Sections 1 and 2 are anterior to the thyroid opening, Th. o.; sections 3, 4, and 5 are through the thyroid opening; and section 6 is posterior to the thyroid opening before the commencement of the curled portion.

​The series of transverse sections (1-6, Fig. 81) show that we are dealing here with a central glandular chamber, C (Fig. 81 (6) and Fig. 82), which opens by the thyroid duct (Th. o.) into the pharyngeal chamber, and is curled upon itself in its more posterior part. This central chamber divides, anteriorly to the thyroid orifice, into two portions, A, A′ (Fig. 82), giving origin to two tubes, B, B′, which lie close alongside of, and extend further back than, the posterior limit of the curled portion of the central chamber, C. The structure of the central chamber, C, and, therefore, of the separate coils, is given in both Schneider's and Dohrn's pictures, and is represented in Fig. 81 (6), which shows the peculiar arrangement and character of the glandular cells typical of this organ, and also the nature of the central cavity, with the arrangement of the ciliated epithelium. The structure of each of the lateral tubes, B, is different from that of the central chamber, in that only half the central chamber is present in them, as is seen by the comparison of the tube B with the tube C in Fig. 81 (5 and 6), so that we may look upon the central chamber, C, as formed of two tubes, similar in structure to the tubes B, which have come together to form a single chamber by the partial absorption of their walls, the remains of the wall being still visible as the septum, which partially divides the chamber, C, into halves.

In the walls of each of these tubes is situated a continuous glandular line, the structure of the glandular elements being specially characterized by the length of the cells, by the large spherical nucleus situated at the very base of each cell, and by the way in which the cells form a wedge-shaped group, the thin points of all the wedge-shaped cells coming together so as to form a continuous line along the chamber wall.

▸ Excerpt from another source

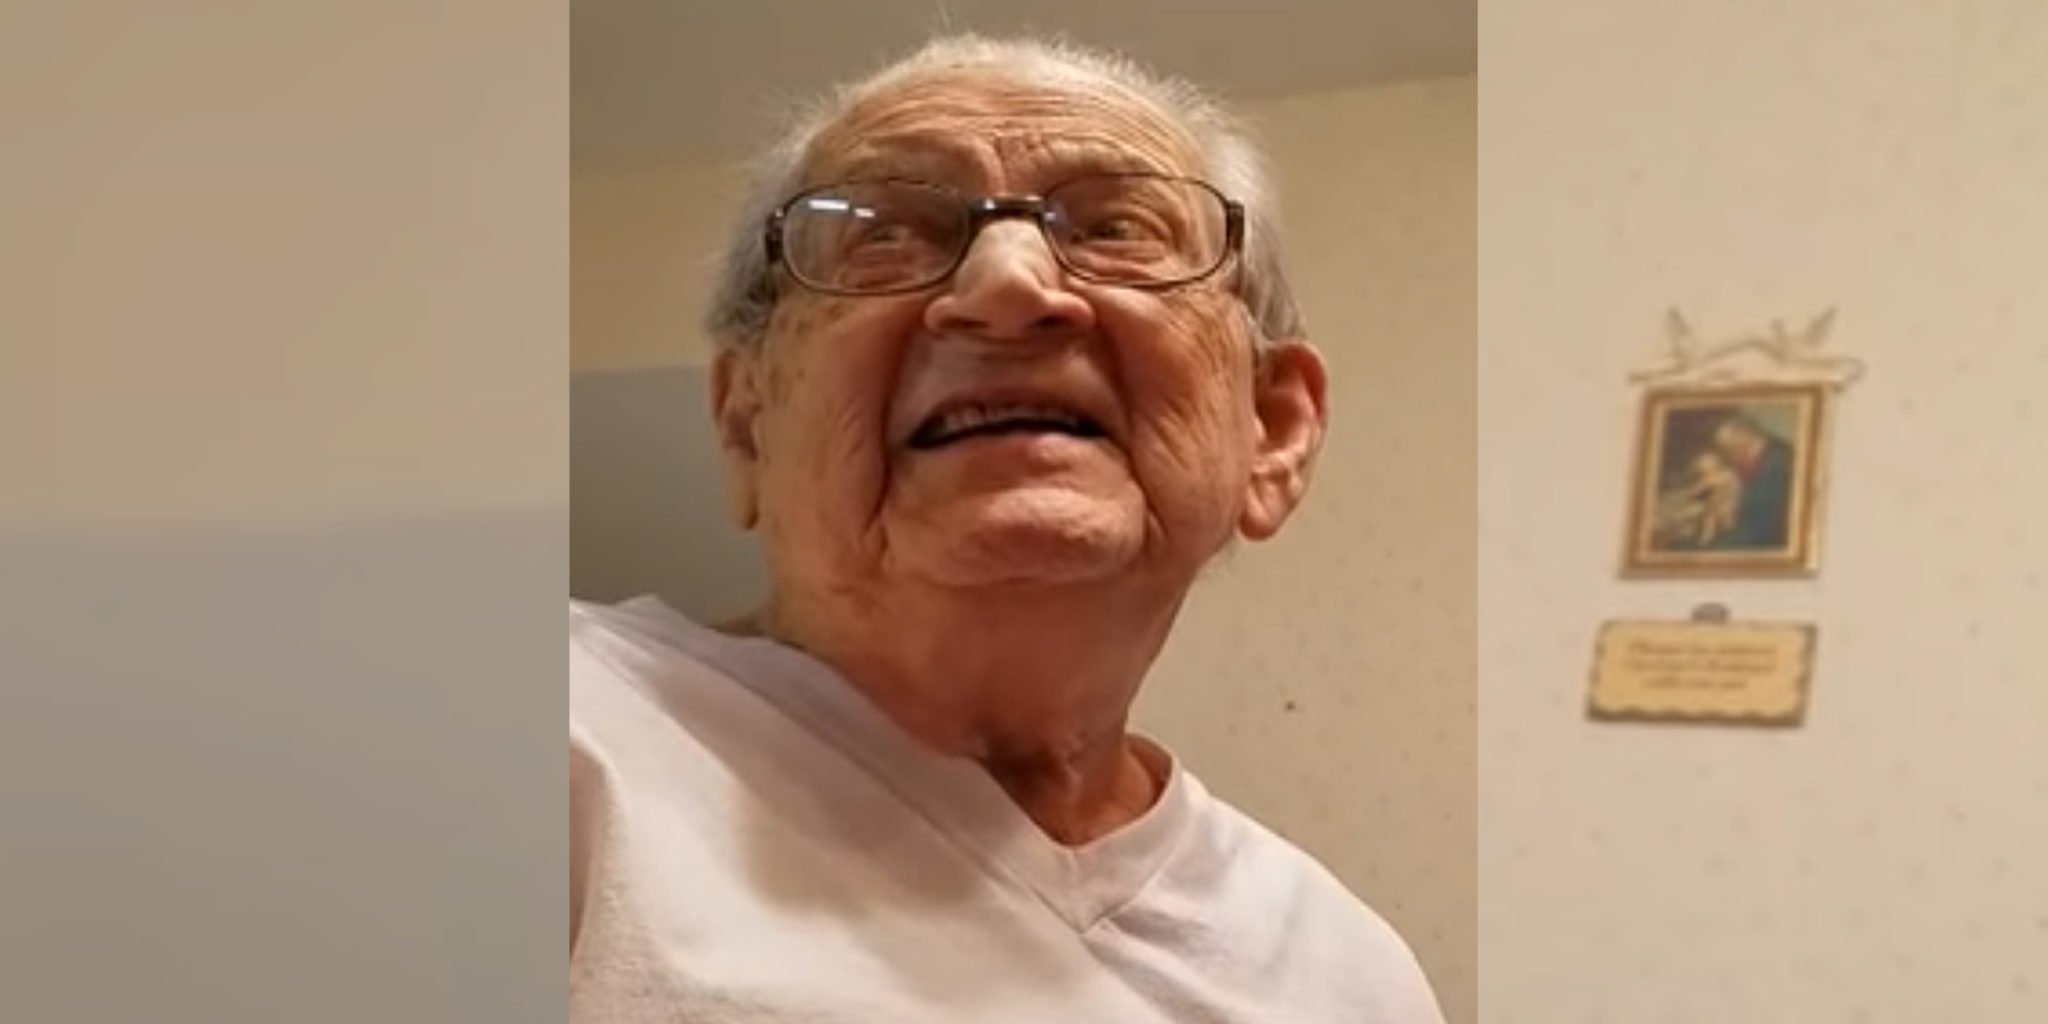 Video: 98-year-old Man Shocked to Learn How Old He Really Is

This free termination of the cells of the gland in the lumen of the chamber constitutes the whole method for the secretion of the gland; there is no duct, no alveolus, nothing but this free termination of the cells.

Moreover, sections through the portion A, A′ (Fig. 82) show that here, as in the central chamber, C, four of these glandular lines open into a common chamber, but they are not the same four as in the case of the central chamber, for if we name these glandular lines on the left side a b, a′ b′ (Fig. 81), and on the right side c d, c′ d′, then the central chamber has opening into it the glands a b, c d, while the chambers of A and A′ have opening into them respectively a b, a′ b′, and c d, c′ d′. Further, the same series of sections shows that the glands a and b are continuous with the glands a′ and b′ respectively across the apex of A, and similarly on the other side, so that the two glandular rows a b are continuous with the two glandular rows a′ b′, and we see that the ​cavity of the portion A or A′ is formed by the bending over of the tube or horn, B or B′, with the partial absorption of the septum so formed between the tube and its bent-over part. If, then, we uncoil the curled-up part of C, and separate the portion, B, on each side from the chamber, C, we see that the so-called thyroid of Ammocœtes may be represented as in Fig. 83, i.e. it consists of a long, common chamber, C, which, for reasons apparent afterwards, I will call the palæo-hysteron, which opens, by means of a large orifice, into the respiratory or pharyngeal chamber. The anterior end of this chamber terminates in two tubes, or horns, B, B′, the structure of which shows that the median chamber, C, is the result of the amalgamation of two such tubes, and consequently in this chamber, or palæo-hysteron, the glandular lines are symmetrically situated on each side.

Fig. 82.—Diagrammatic Representation of the so-called Thyroid Gland of Ammocœtes.

C, central chamber; A, A′, anterior extremity; B, B′, posterior extremity; Th. o., thyroid opening into respiratory chamber; Ps. br., Ps. br'., ciliated grooves, Dohrn's pseudo-branchial grooves.

Fig. 83.—Thyroid Gland as it would appear if the Central Chamber were Uncurled and the Two Horns, B, B′, separated from the Central Chamber.

Any explanation, then, of the thyroid gland of Ammocœtes, must ​take into account the clear evidence that it is composed of two tubes, which have in part fused together to form an elongated central chamber, in part remain as horns to that chamber, and that in its walls there exist lines of gland-cells of a striking and characteristic nature.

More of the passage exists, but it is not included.